Posted by: J | Jul 17, 2018 6:42:58 PM

htt ps://scc-csc.lexum.c om/scc-csc/scc-csc/en/item/288/index.do

One of the basic tenets of our system of criminal justice is that when Parliament creates a defence to a criminal charge, the defence should not be illusory or so difficult to attain as to be practically illusory.

If the woman's accusations are presumed to be irrefutable facts, then any defense against such accusations would be so difficult to obtain to be illusory.

Posted by: Canning Anada | Jul 18, 2018 4:29:43 AM

'Innocent until proven guilty' means that the jury suspends judgment on the accusations until both sides have told their side of the story with all relevant evidence, and only then, they decide whether or not the accused has proven beyond a reasonable doubt that the other person is guilty of the accusations in question.

Once the accusations are presumed to be true, the trial is over because that's the very question that the trial is about. If the accusations are assumed to be true before the trial begins, then the trial is over before it has begun. There can only be a meaningful trial if the accused is given an opportunity to sway the jury's mind about whether or not the accusations are true.

If we assumed all the female witnesses in the Michael Brown case were telling the truth, Darren Wilson would've had no way to be found not guilty.

Posted by: Suspendion of belief | Jul 18, 2018 6:14:50 AM

"Canning Anada" and "Suspendion of belief" - I recommend reading the article we're all responding to. Nowhere did anyone suggestion that a woman's accusations are ever irrefutable facts, nor should they be treated as gospel truth by juries and judges. As such, you're both arguing against a position literally no one is taking, and your contributions are not moving the topic forward at all.

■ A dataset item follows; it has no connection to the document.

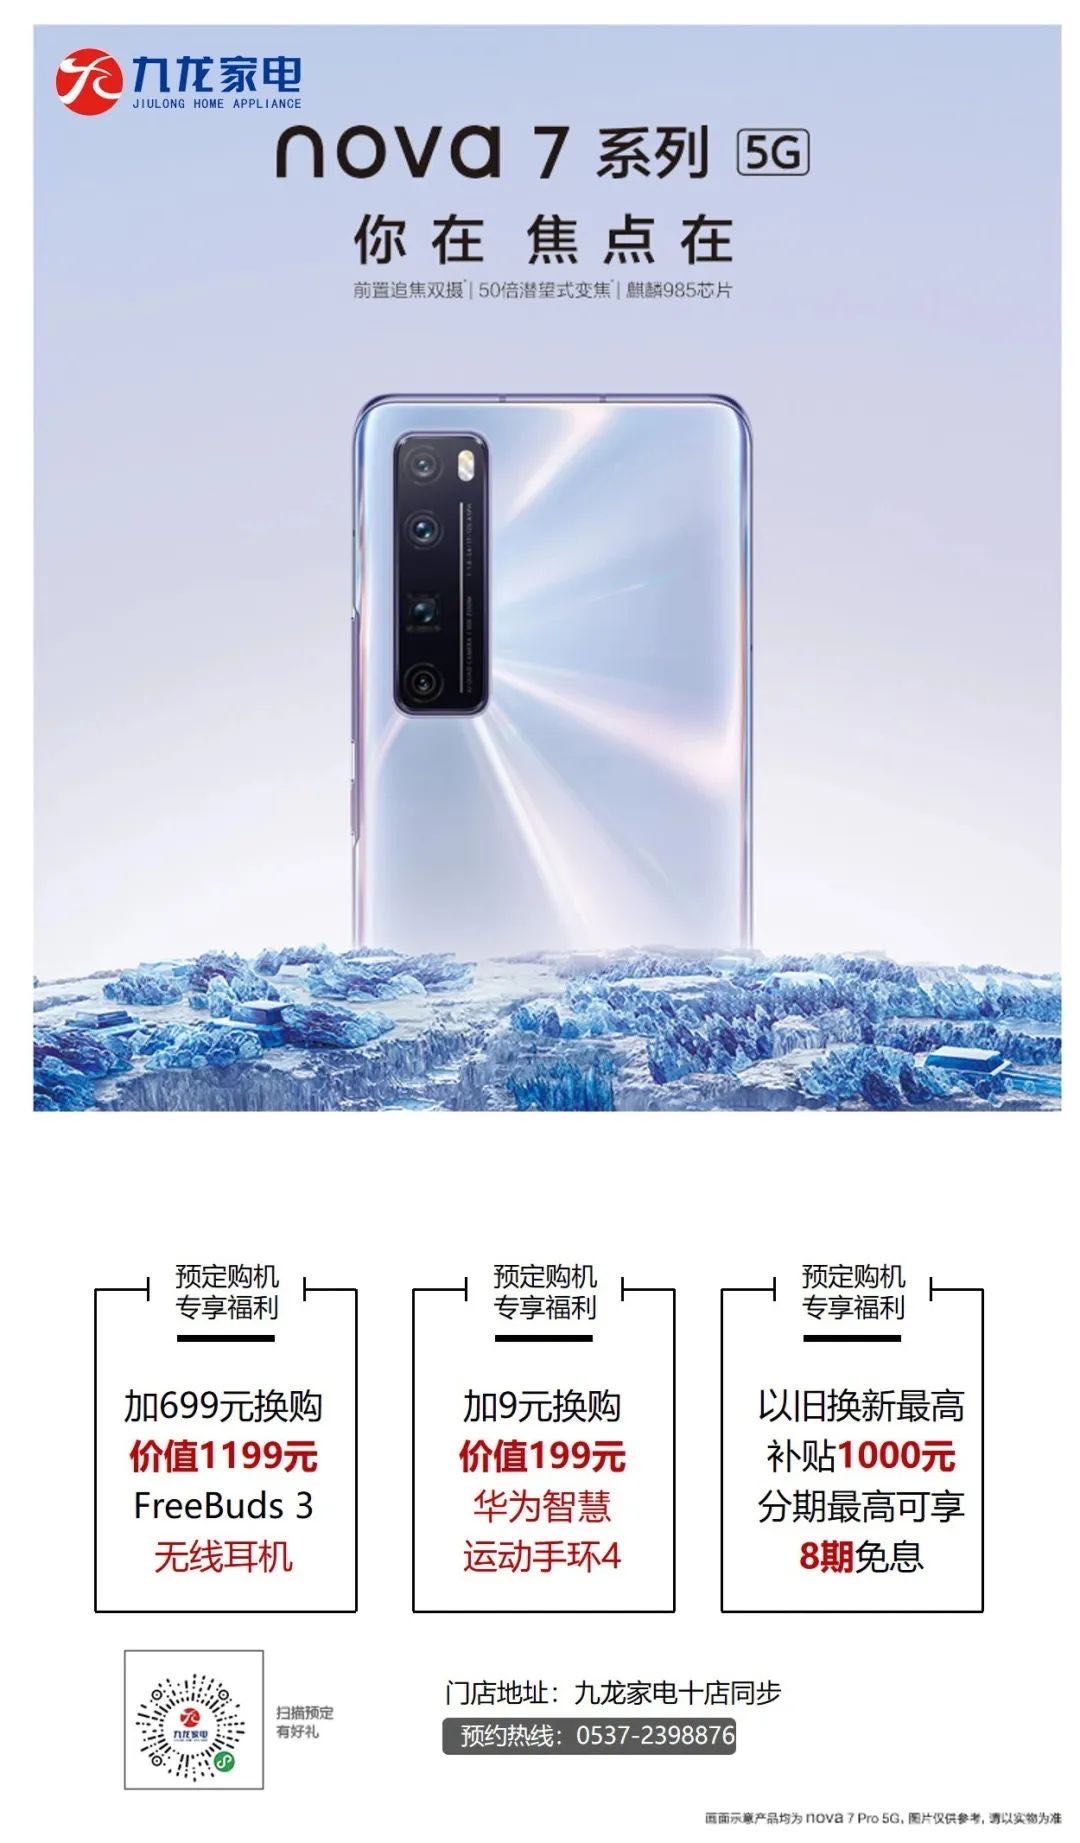 “神仙颜值”华为公司nova7系列产品开售，九龙家用电器最大补助11000元

Since it seems that many people would prefer not to actually read something before commenting on it, I'll provide a brief summary of what I think the key points are here:

The issue is solely this - do we treat accusations of sexual assault the same way as we treat accusations of robbery, or do we make accusations of sexual assault carry some sort of higher burden? That's it. If you agree they should be treated the same, then we should start from the perspective that a person is telling the truth about their circumstances, since that's what we do in robbery cases. That means we should look for the evidence that provides more light on the victim's story rather than dismissing it out of hand. That means the defense attorney should generally argue that the woman is mistaken about the identity of her assailant rather than accusing her of lying about it unless there is CLEAR evidence of lying (imagine if you get mugged—how likely is it that, when you testify in court, the defense attorney without evidence accuses you of lying about having been mugged instead of simply trying to argue that her client was not the perpetrator?). And it means that we should understand that, just like in every other criminal case, victim testimony is a form of evidence that the jury can and should assess, rather than saying "oh if it's only her testimony, then there's no evidence."

Posted by: J | Jul 18, 2018 12:41:20 PM

"I've never heard a comparable argument that a shoplifting case should be much easier to prove than a murder case because the punishment is much greater for murder."

Isn't the standard "preponderance of evidence" in misdemeanors and "innocent until proven guilty" in felonies? That sounds like a dramatic proof difference based on possible punishments--misdemeanors don't lead to the loss of the right to vote, while felonies do.

Posted by: Derrida makes all the difference | Jul 19, 2018 9:09:08 AM

No. The standard of persuasion in all criminal cases, regardless of level or punishment, is beyond a reasonable doubt.